DATA SHOWN:

------------------------------------------------------------------------

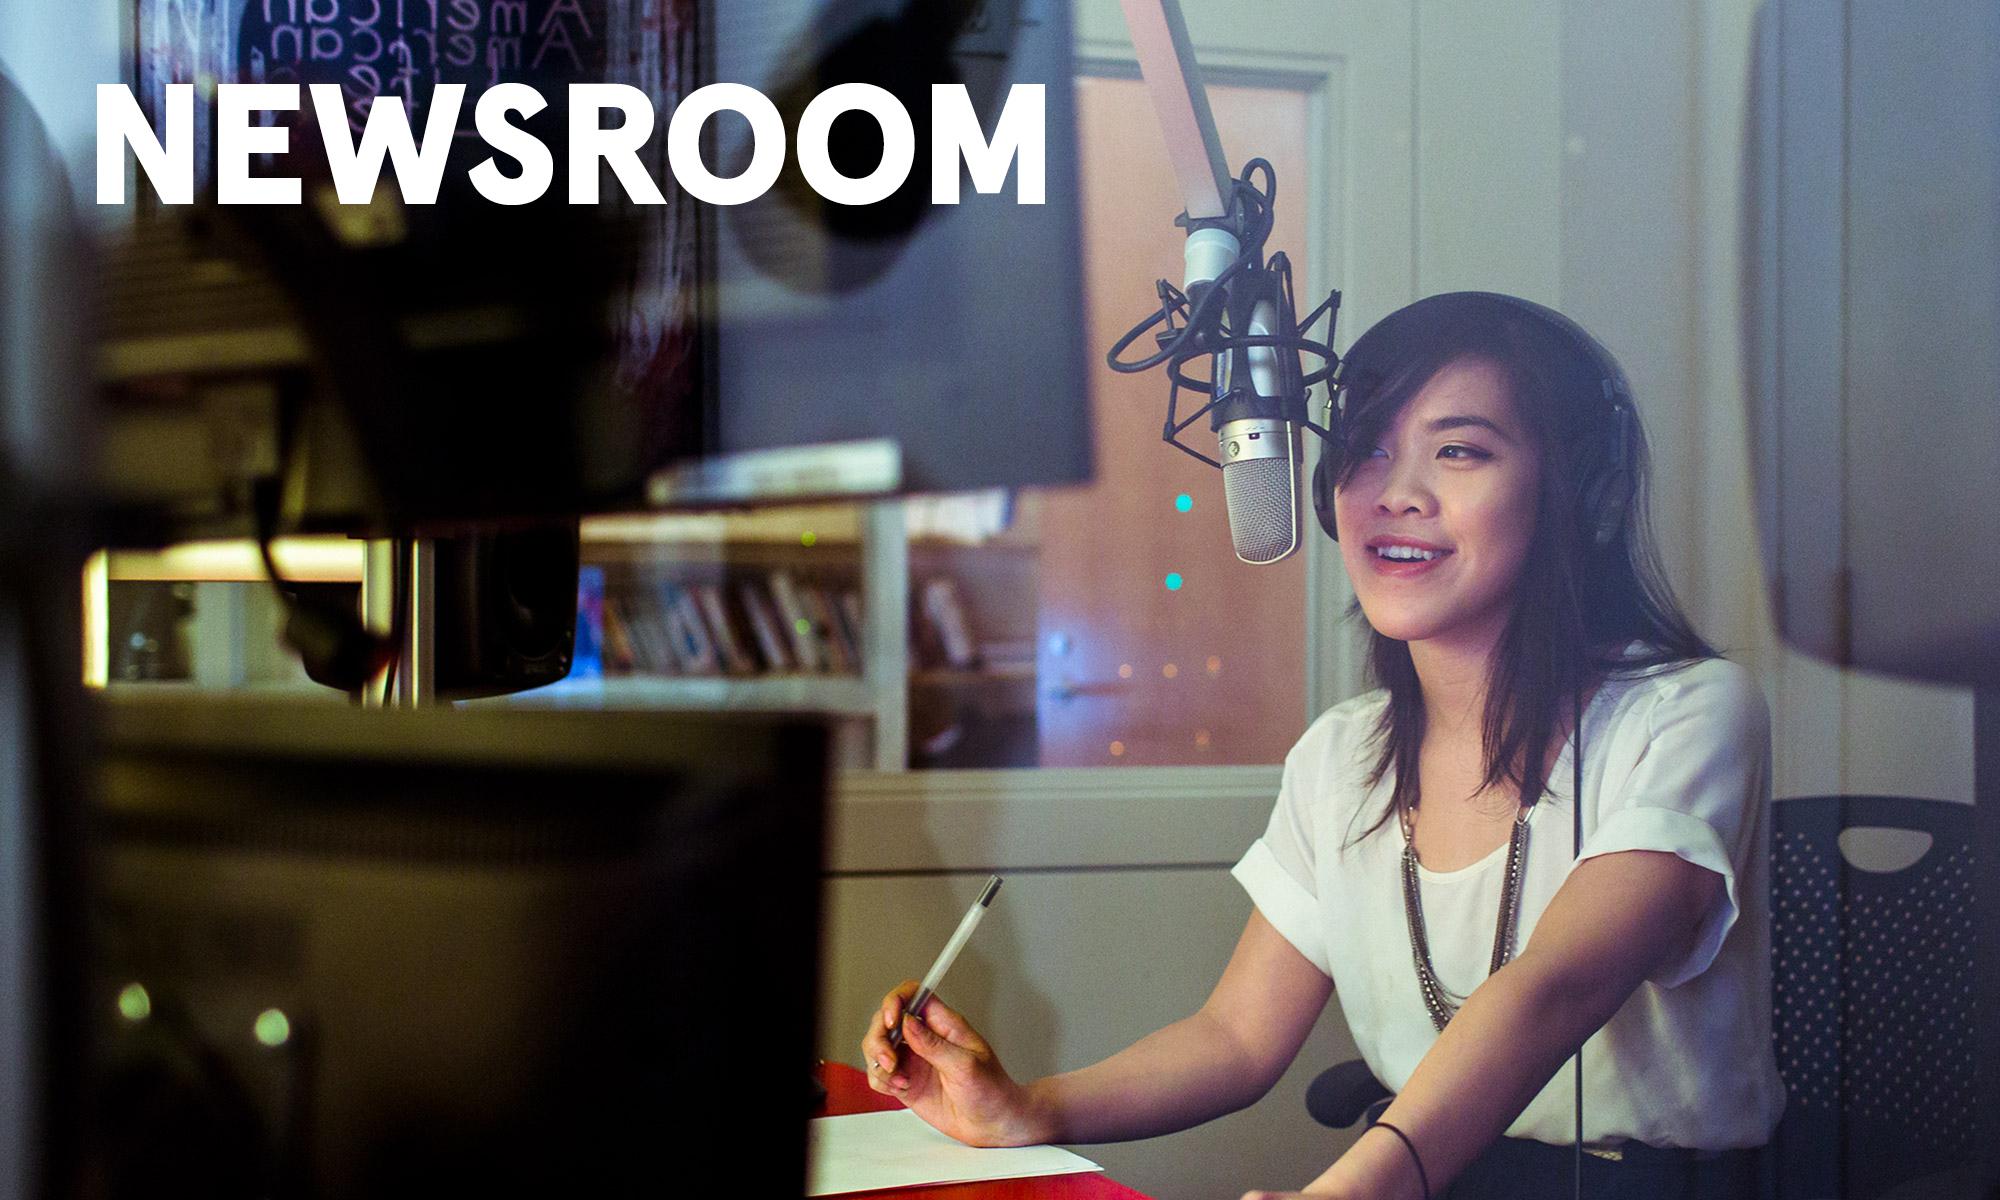 Brand Newsroom and social media management
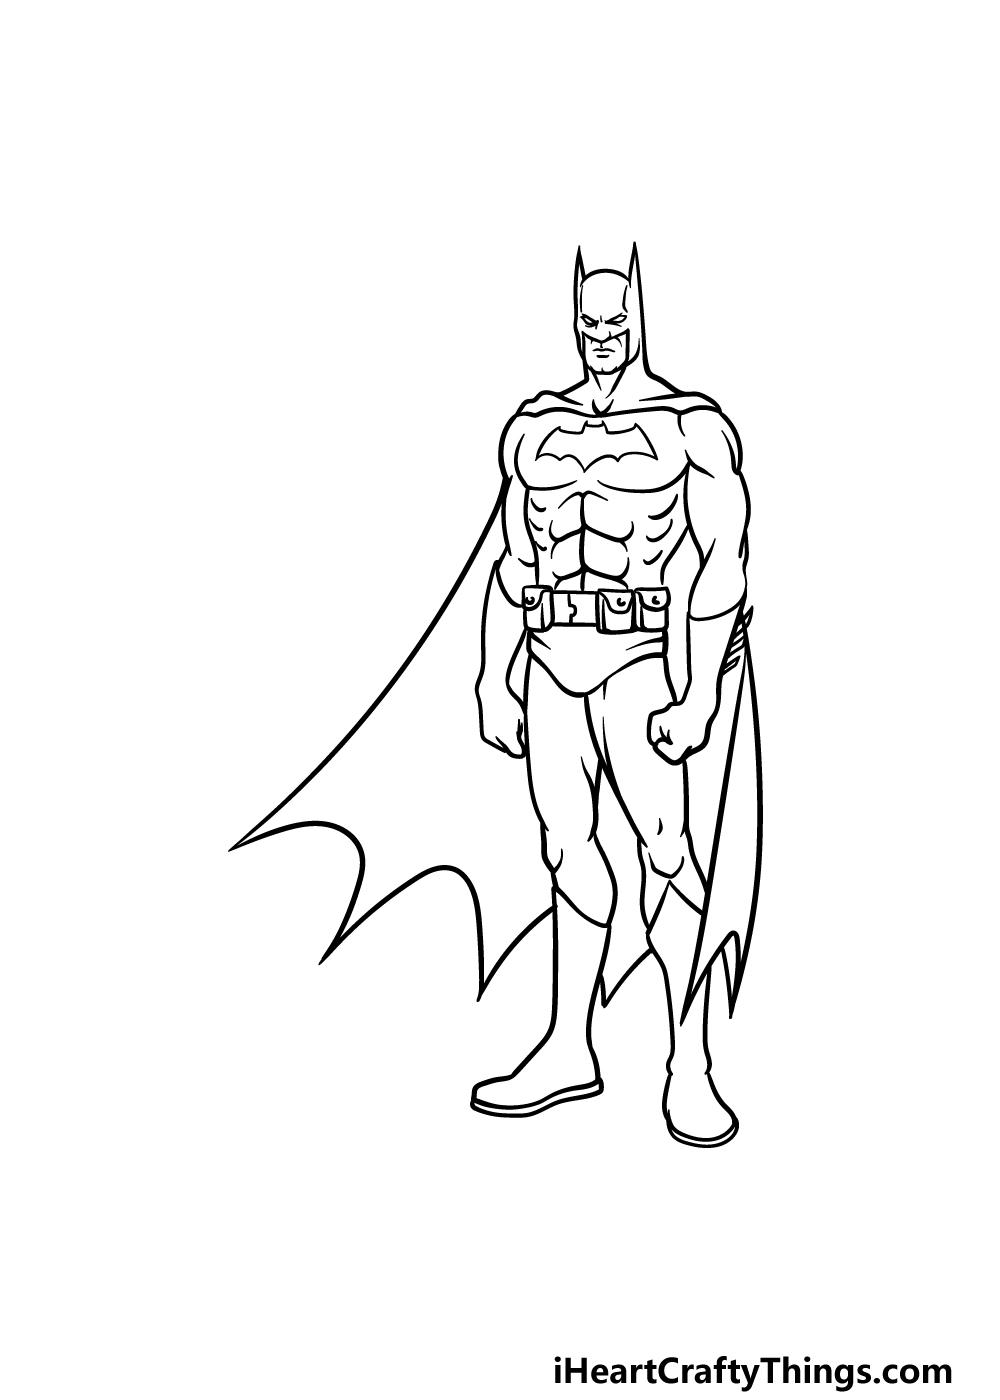 drawing Batman step 5
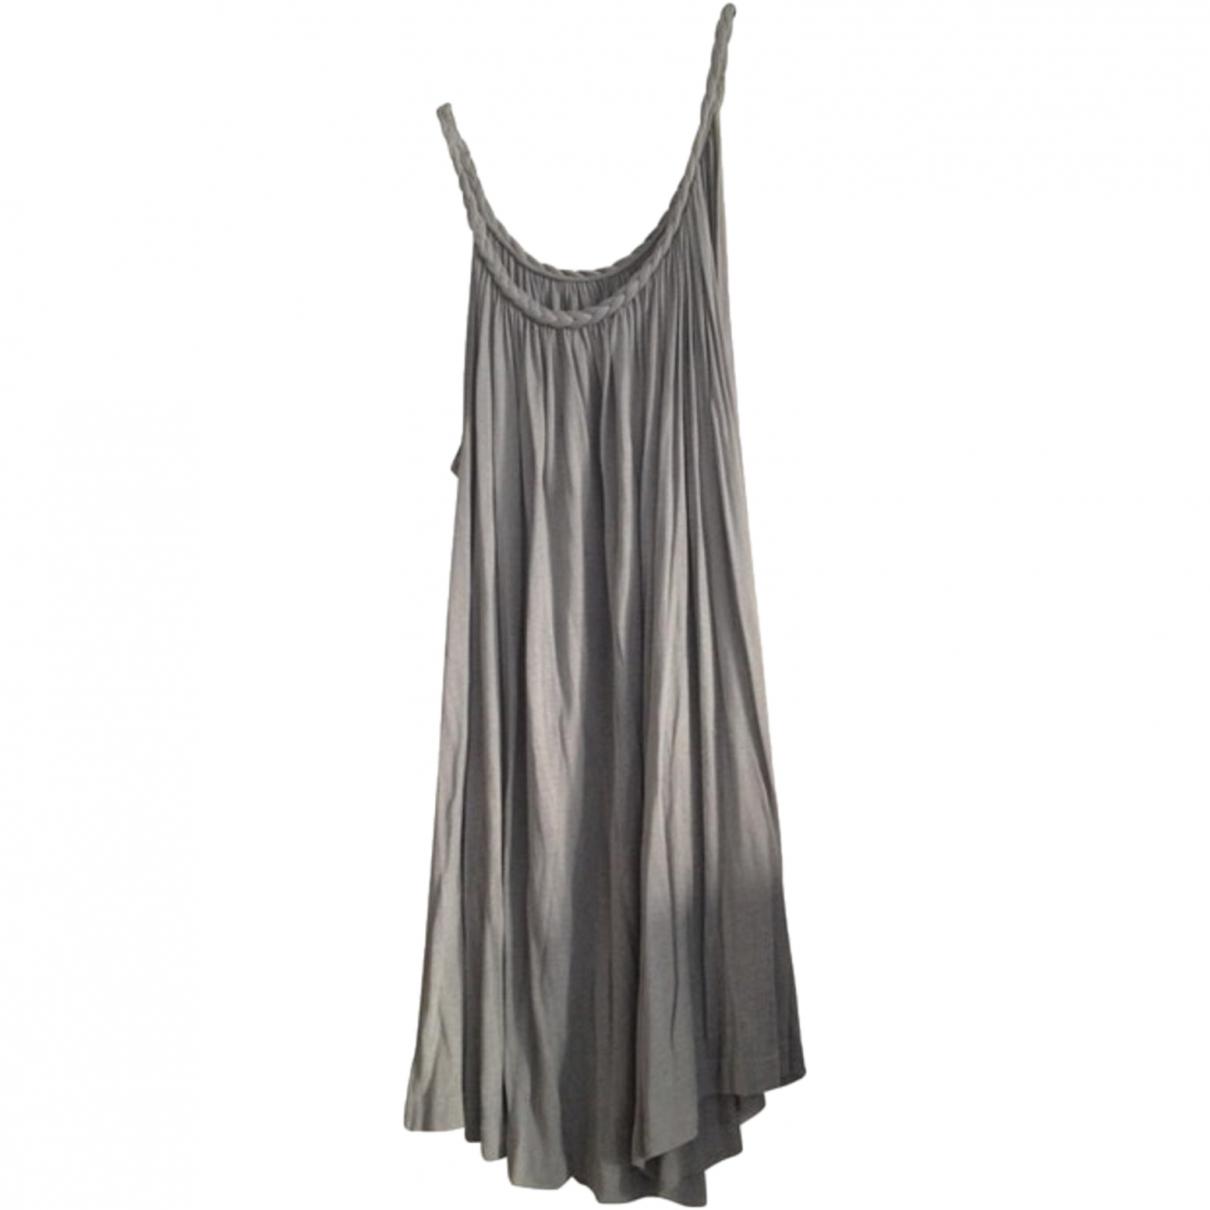 Sandro \N Grey Silk dress for Women One Size FR
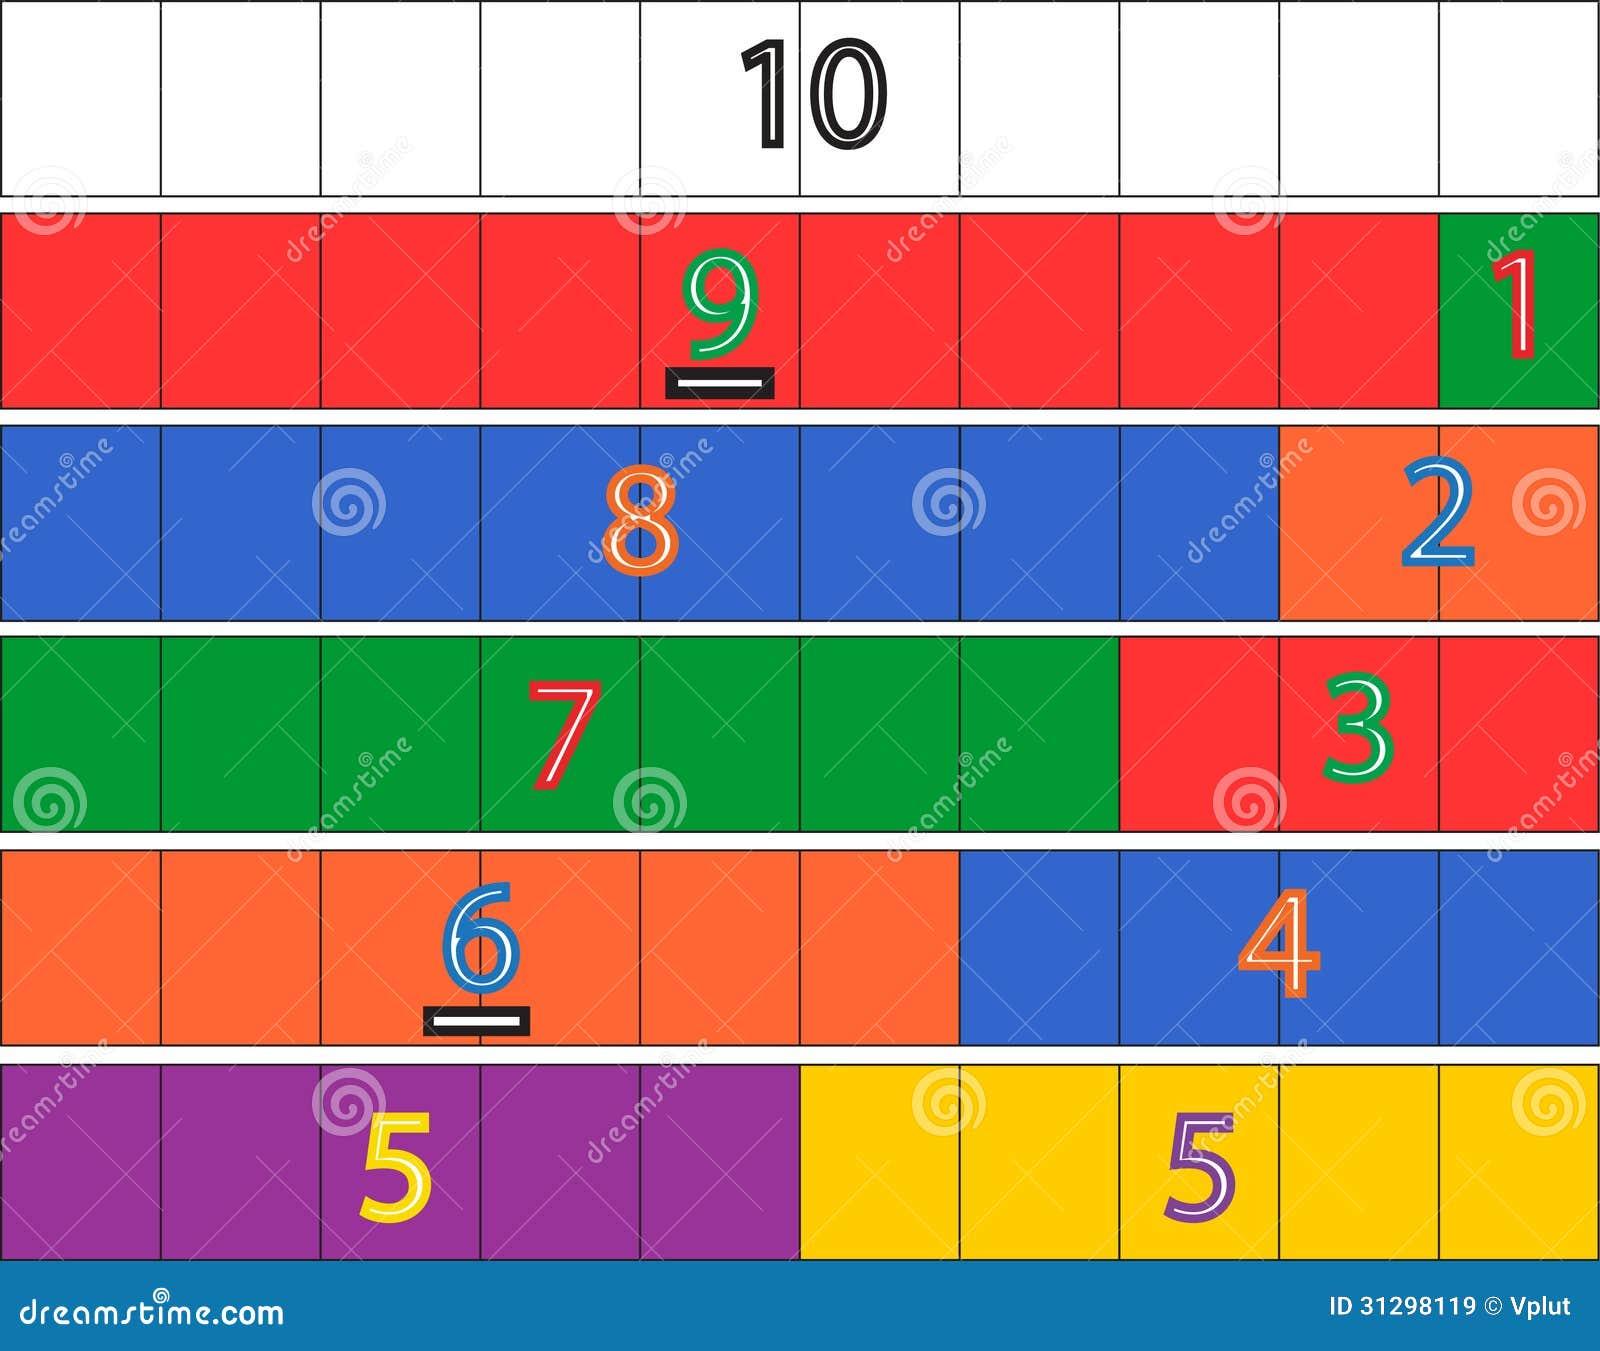 imagens jardim infancia:Kindergarten Classroom Math Games

------------------------------------------------------------------------

TO DO: The job is to return the listing above exactly, minus its pictures.

RESPONSE FOR THIS EXERCISE:
 Brand Newsroom and social media management
 drawing Batman step 5
 Sandro \N Grey Silk dress for Women One Size FR
 imagens jardim infancia:Kindergarten Classroom Math Games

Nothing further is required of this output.